3. Total Missions Categories to Total Expenses
The ratio of “Total (Local and Global) Outreach Expenses” to “Total Expenses”
This ratio looks at the combined total of local and global outreach (outside missions and benevolence) expenses as a percentage of total expenditures. Congregations report expenses for local and global outreach differently. Some churches tithe for their missions budget based on the offerings received.
This ratio can be separated into two pieces and calculated by local and global activities. Global activities include actual outside expenditures for cross-cultural missions activities in the United States and other countries. This includes direct support to missionaries; outside agencies, including national partners; and cross-cultural mission trips. It specifically excludes internally allocated costs and salaries of church employees included within missions for some church budgets. This is because internal allocations vary significantly between churches.

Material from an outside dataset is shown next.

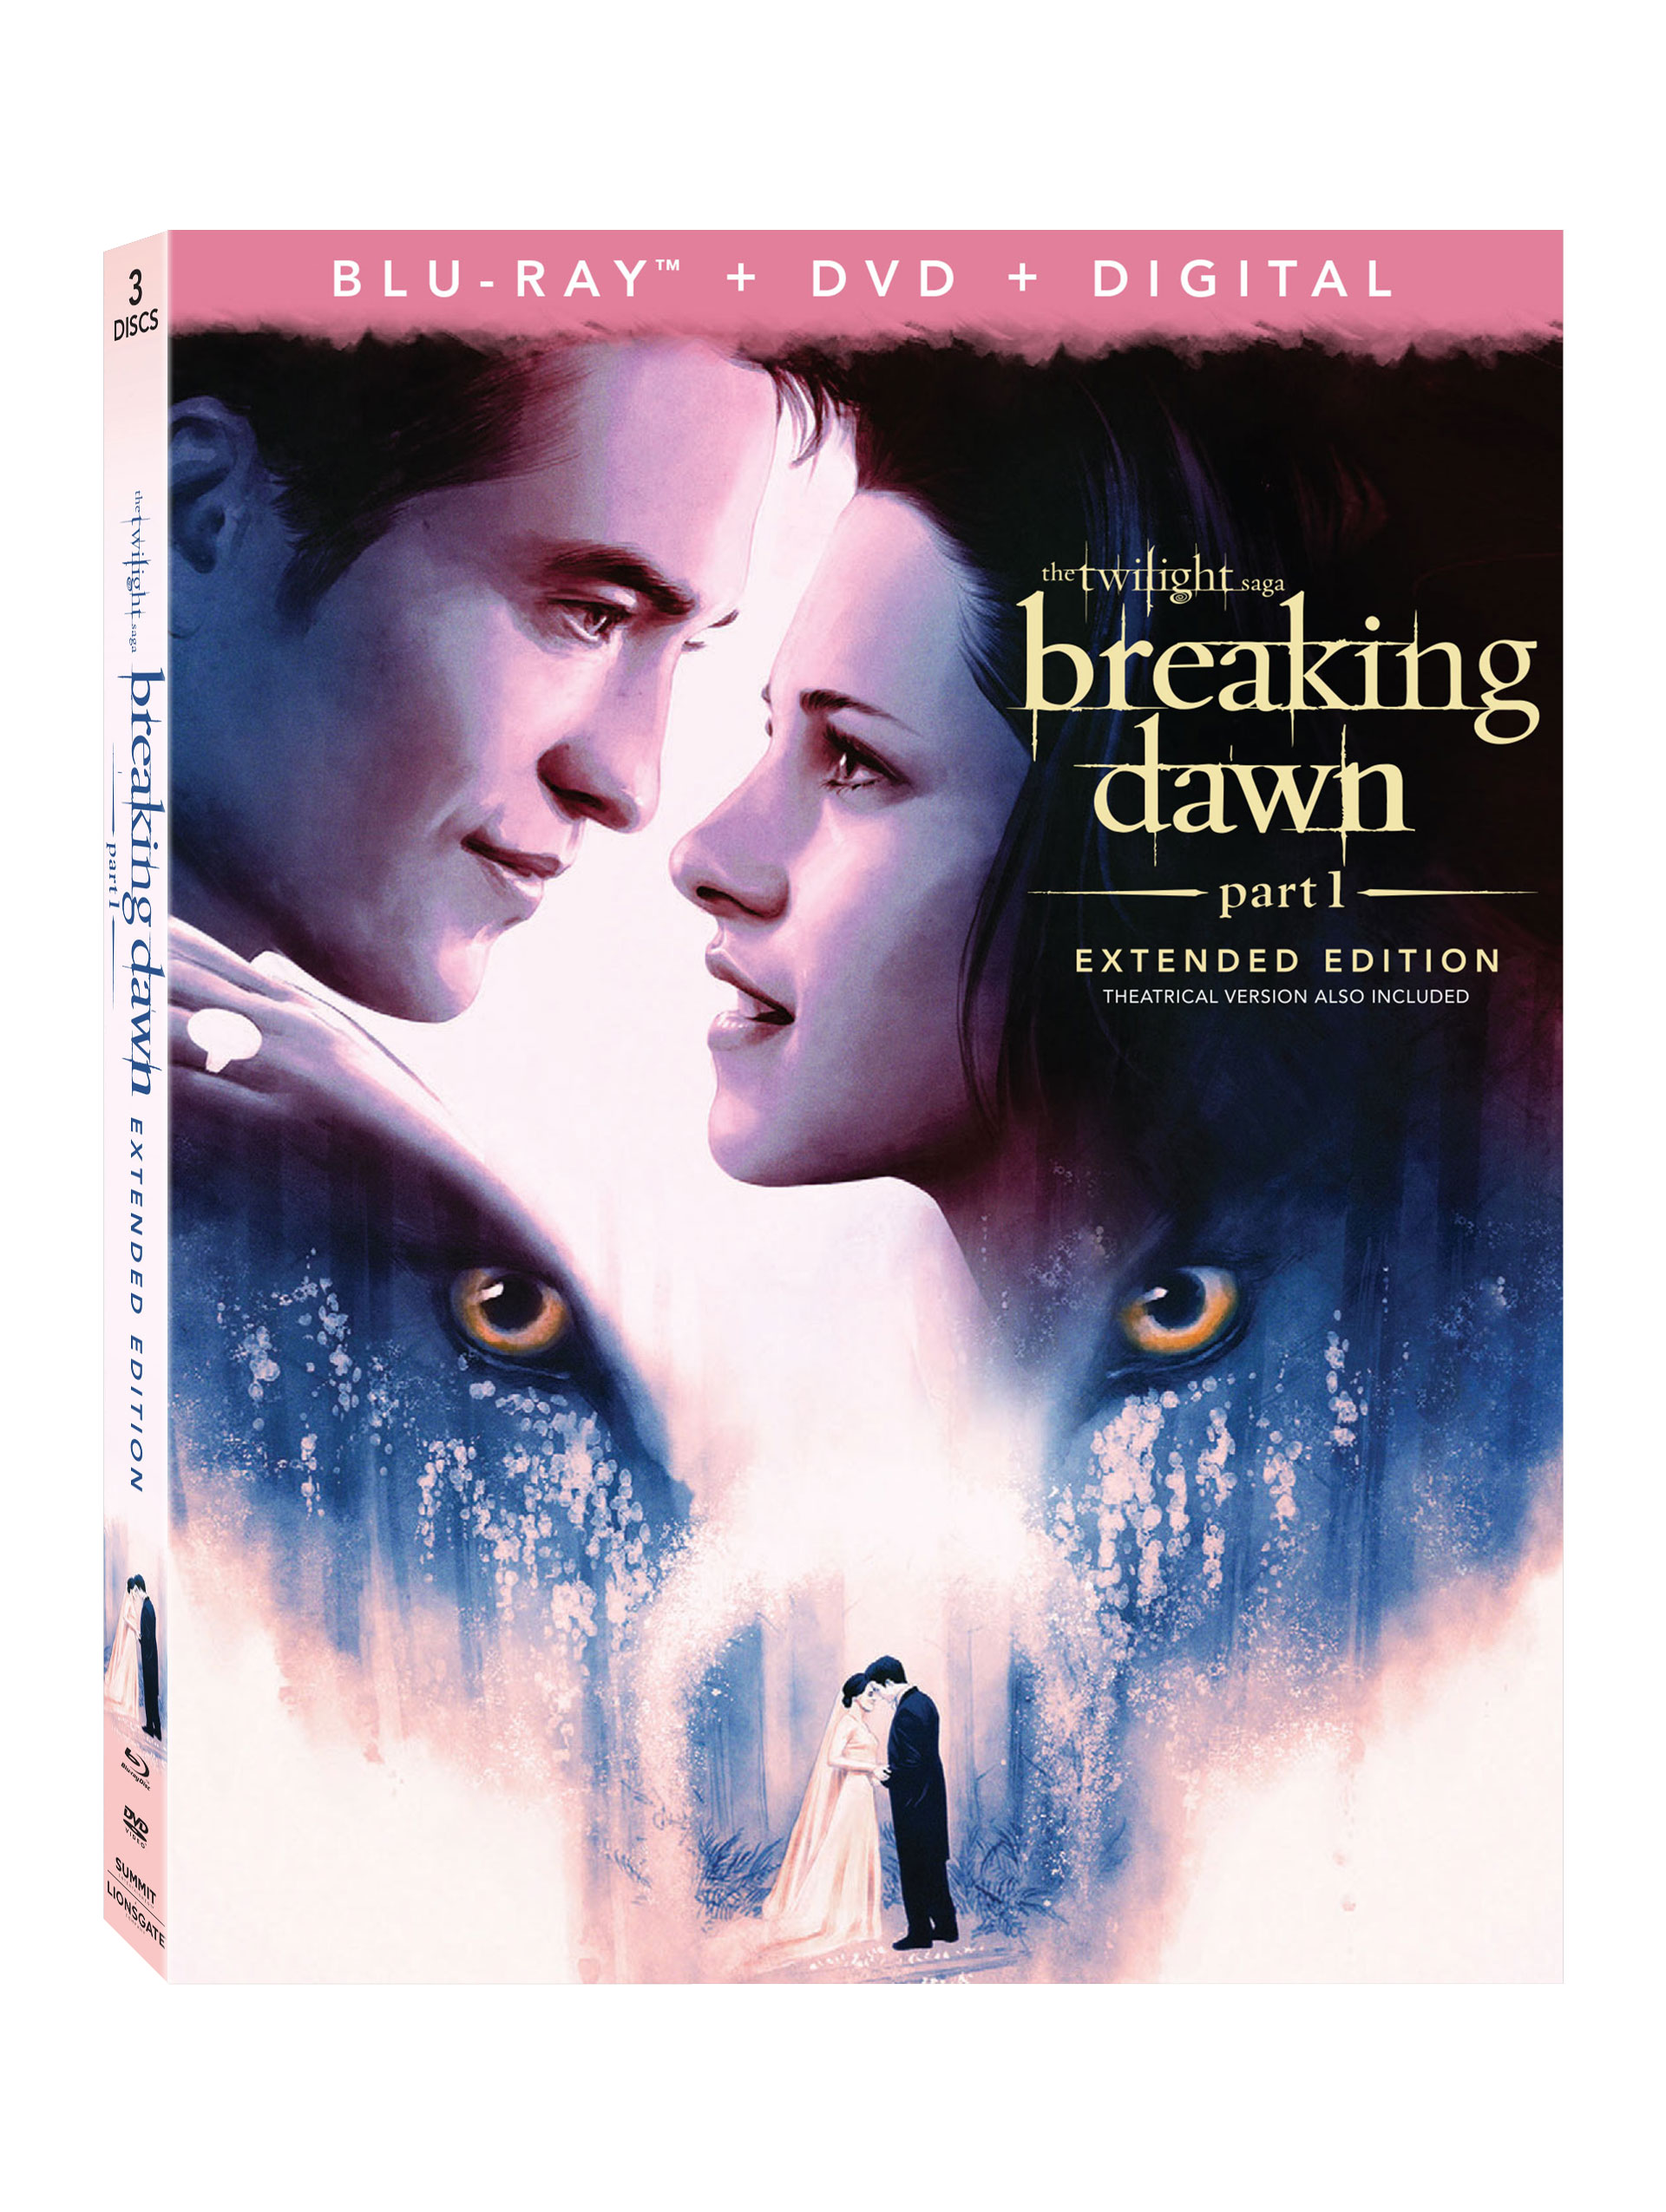 The Twilight Saga Breaking Dawn Part 1 Blu-Ray Combo Pack Cover (Lionsgate Home Entertainment)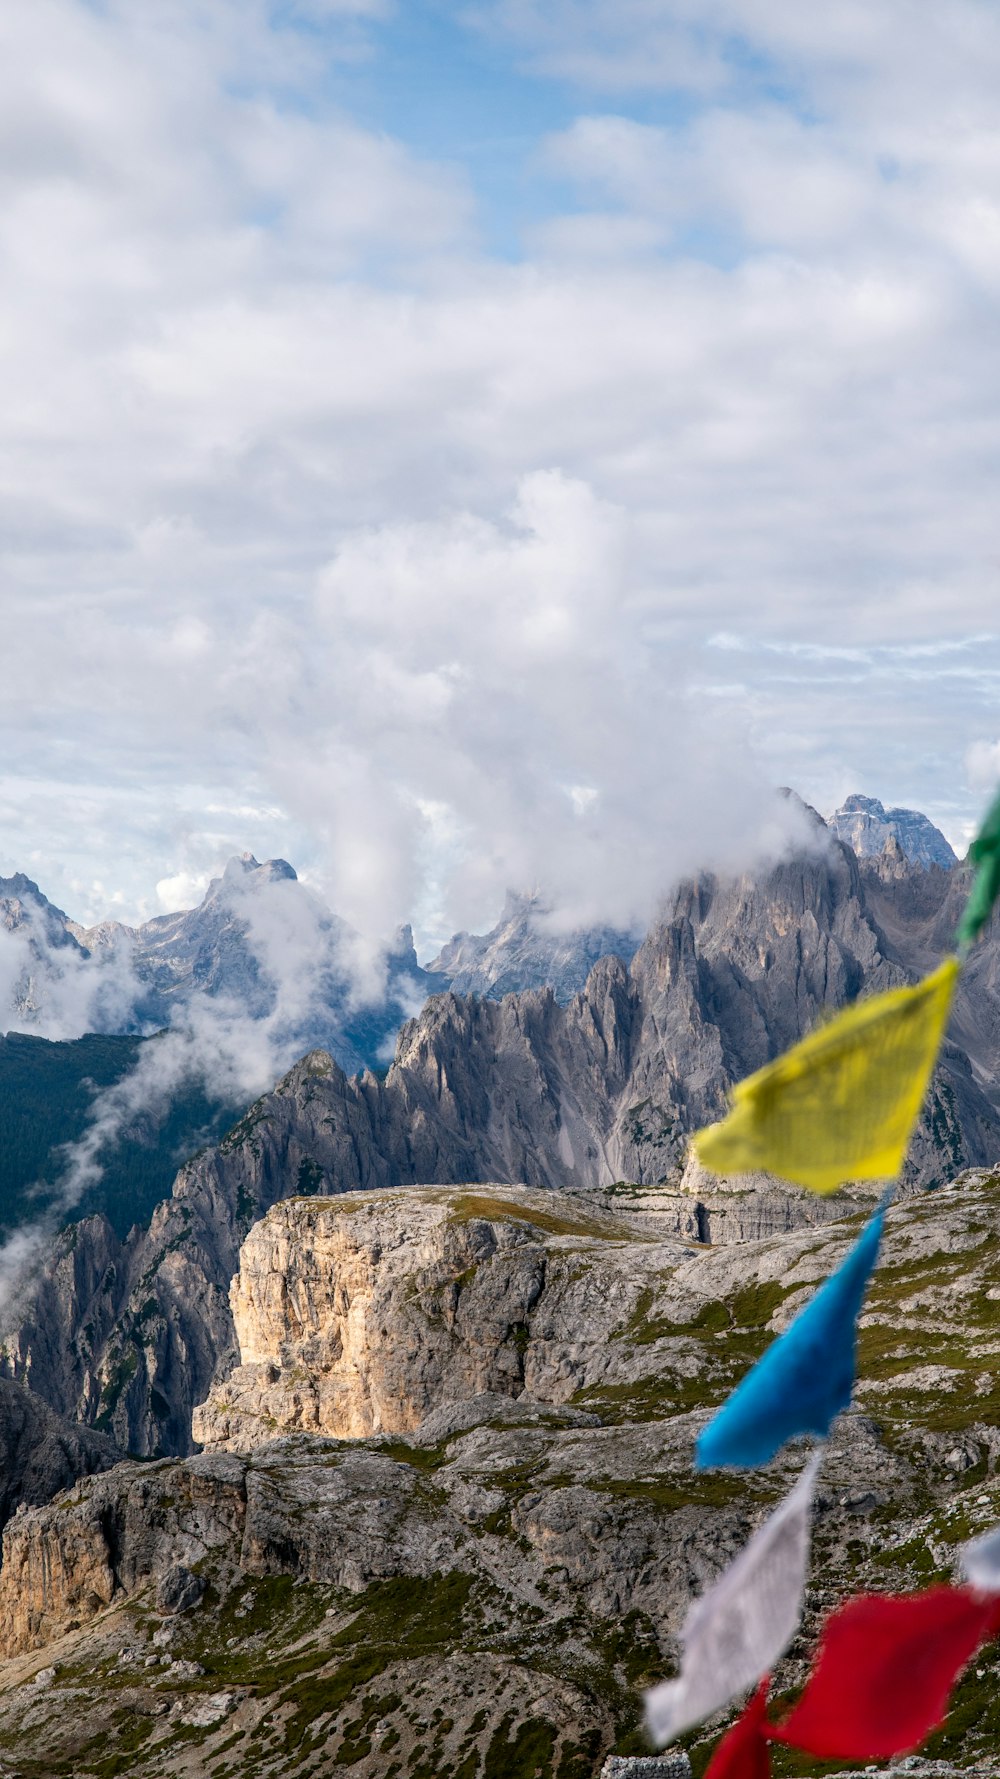 a group of flags flying in the wind on top of a mountain

Local outreach includes actual outside expenditures for local missions activities not classified as “global.” This includes direct support of community-based church ministries, local missionaries and agencies, and benevolence given to local individuals. It also excludes internally allocated costs and salaries of church employees included within missions for the same reason as stated above.
Churches may find this ratio useful in benchmarking their total outreach expenditures with other churches. But more importantly, when a church experiences economic difficulties, the ministry and mission expenses are usually the first to be decreased as debt service payments are not discretionary and personnel costs are difficult to reduce. Declines in this ratio can allude to other issues within the church. Monitoring these ratios over time will allow the church to identify any significant changes.
4. Facility Cost per Square Foot (Excluding Interest Expense)
The ratio of “Total Facility Costs (Excluding Interest Expense on the Debt and Depreciation)” to “Total Facility Square Footage”
This measure answers the question “How much does it cost to operate my church building?” Total facility costs include building and grounds maintenance, personnel salaries and benefits, outside contract labor, utilities (excluding telephone), security, liability insurance, and rent or mortgage payments. It should also include the cost of general repairs to the facility and other facilities-use expenses, but not equipment purchases or the cost of major renovations. This overall expense excludes both vehicle-related expenses and interest expense on debt and depreciation.
Keep in mind that facilities expense measures can vary, depending on whether the church has new or older facilities and is in one or multiple locations. Facilities expense measures can also vary by geographic area. The most accurate comparison would be against churches with buildings of a similar age as yours (e.g., built within a decade of your own).
Monitoring Your Church’s Financial Health
Measuring and monitoring expense ratios and other key financial data will help your leadership team assess your church’s financial health, identify areas for improvement, and be good stewards of your resources. The four ratios and measurements outlined above provide a good starting point for monitoring trends in expenses, and additional metrics have been discussed in other columns.